What to work on: Your answer must restate the listing below word for word and contain no images.

Dataset excerpt:
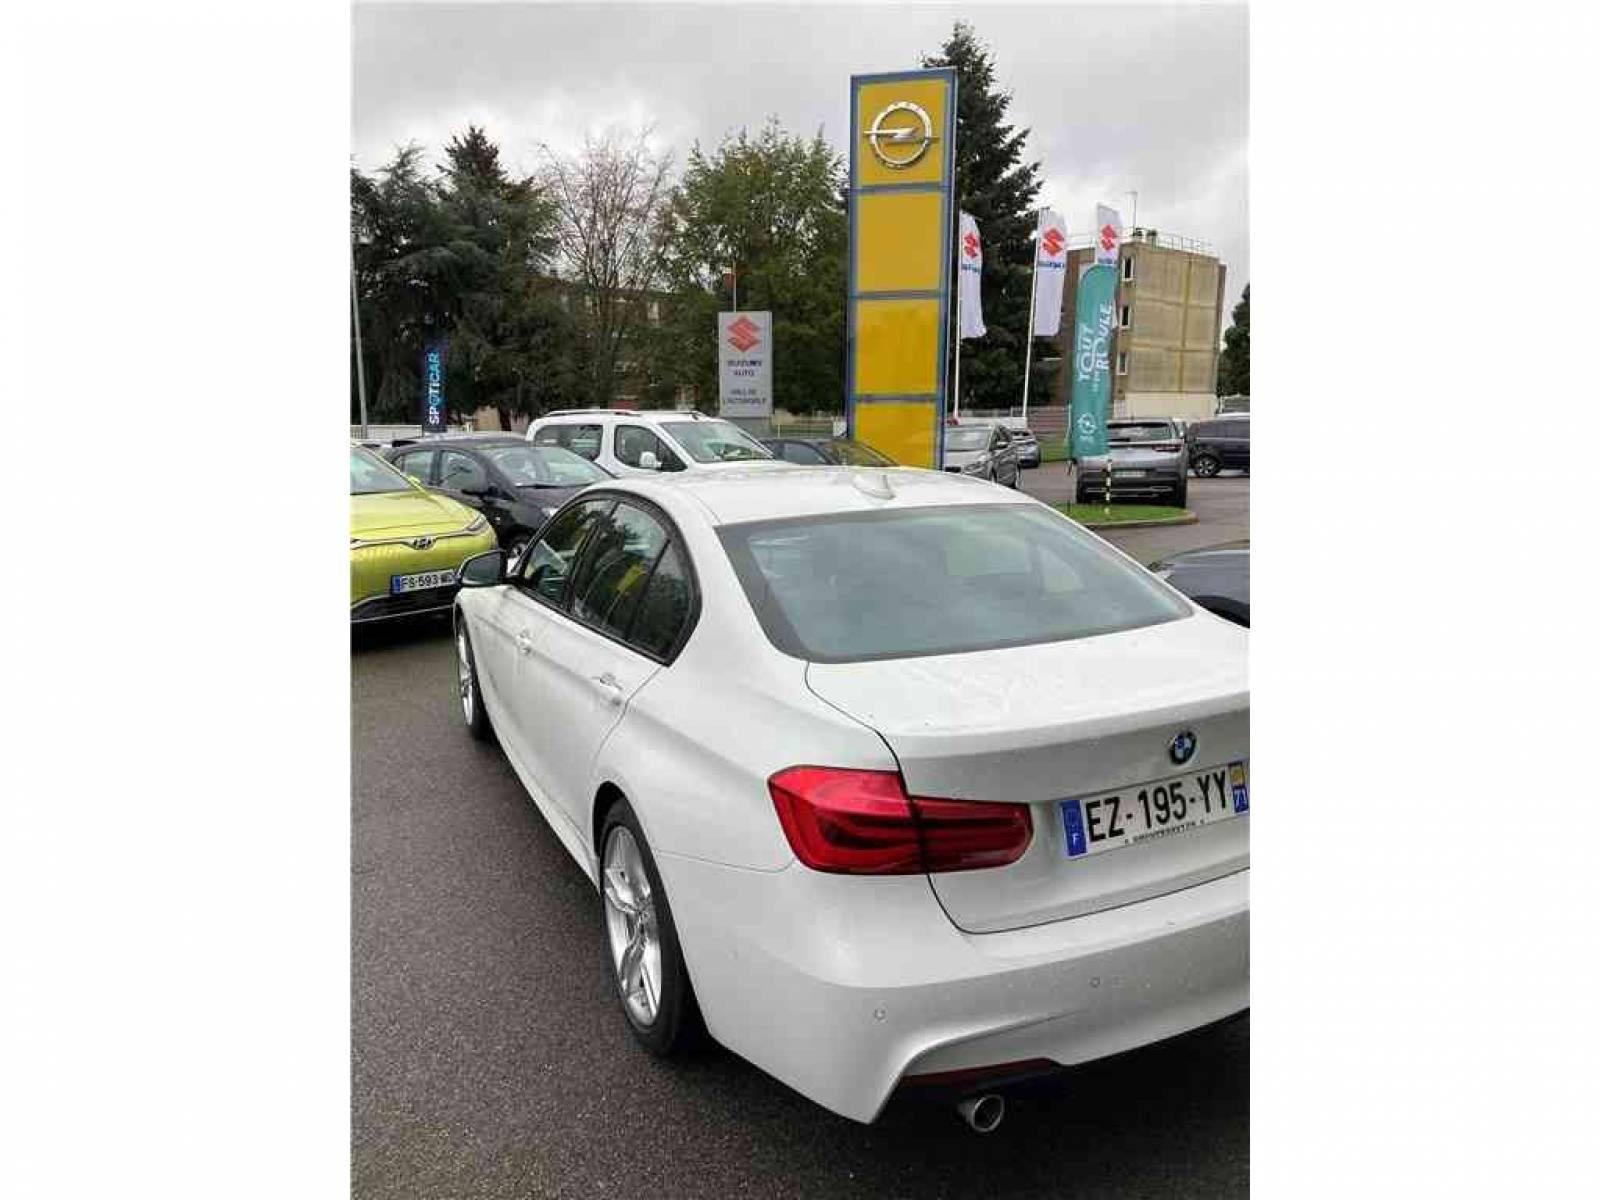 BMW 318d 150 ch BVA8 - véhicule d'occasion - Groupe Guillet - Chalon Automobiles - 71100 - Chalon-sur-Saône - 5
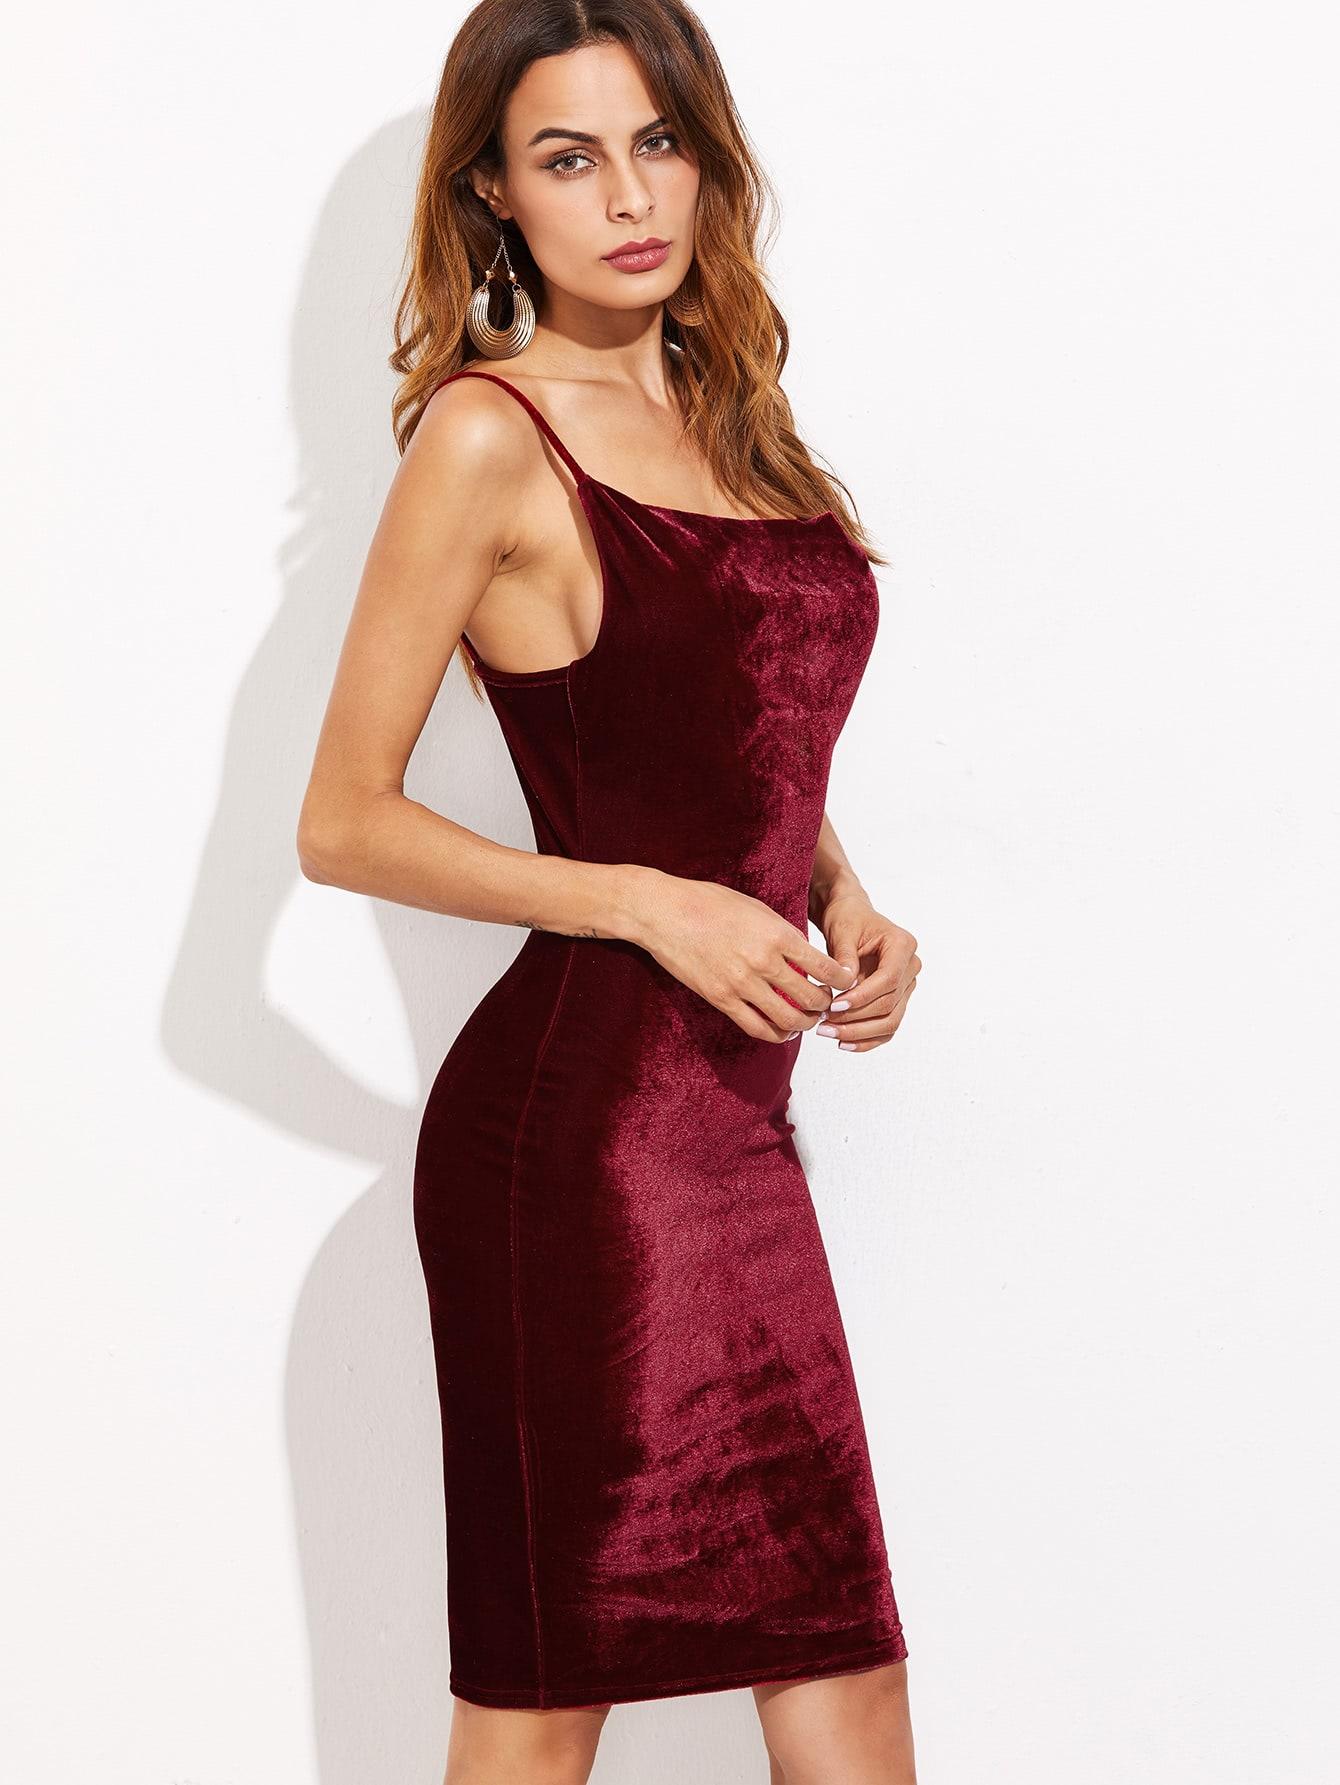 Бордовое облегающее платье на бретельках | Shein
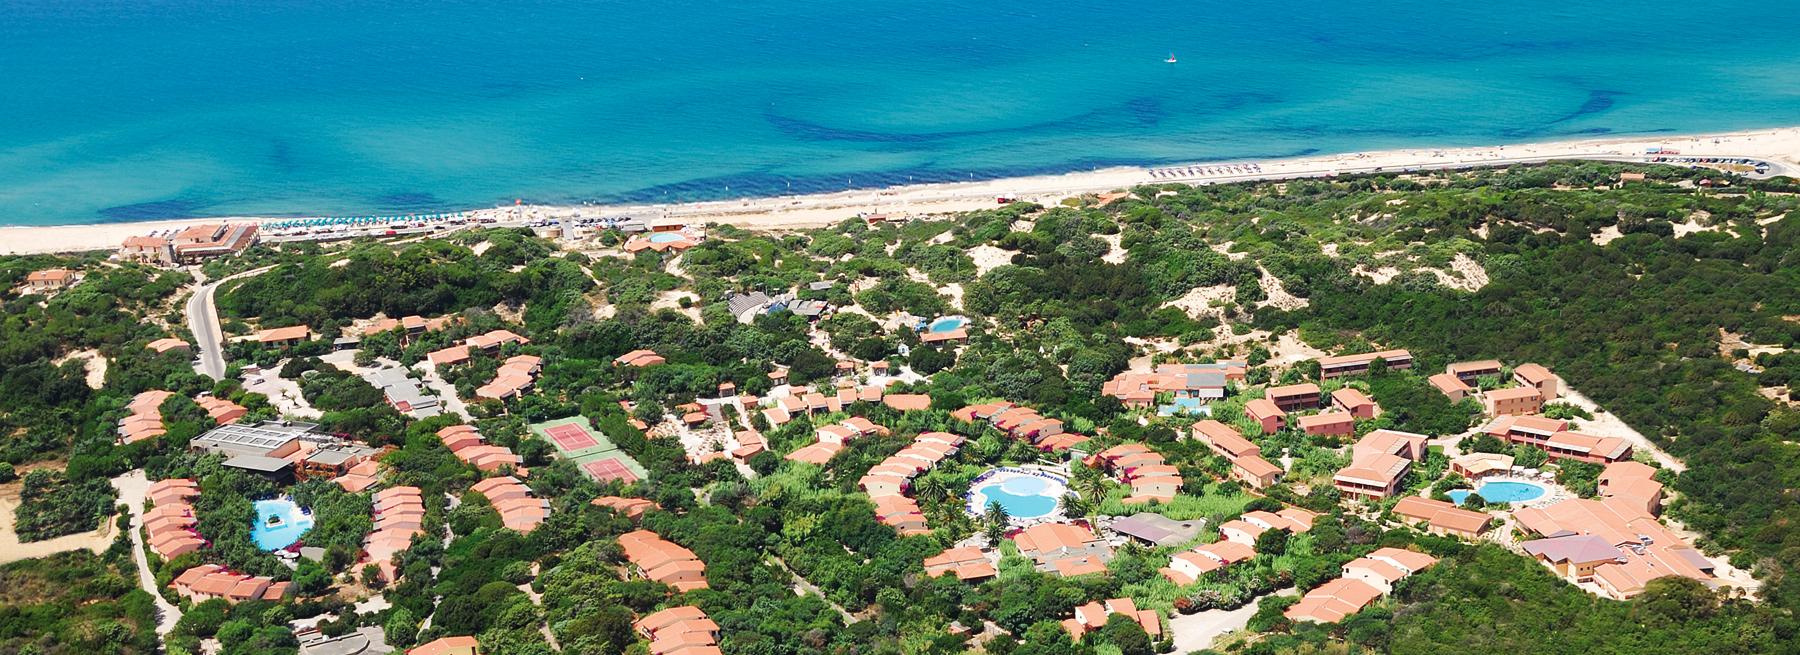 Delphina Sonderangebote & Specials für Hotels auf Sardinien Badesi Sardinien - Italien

Exercise output:
 BMW 318d 150 ch BVA8 - véhicule d'occasion - Groupe Guillet - Chalon Automobiles - 71100 - Chalon-sur-Saône - 5
 Бордовое облегающее платье на бретельках | Shein
 Delphina Sonderangebote & Specials für Hotels auf Sardinien Badesi Sardinien - Italien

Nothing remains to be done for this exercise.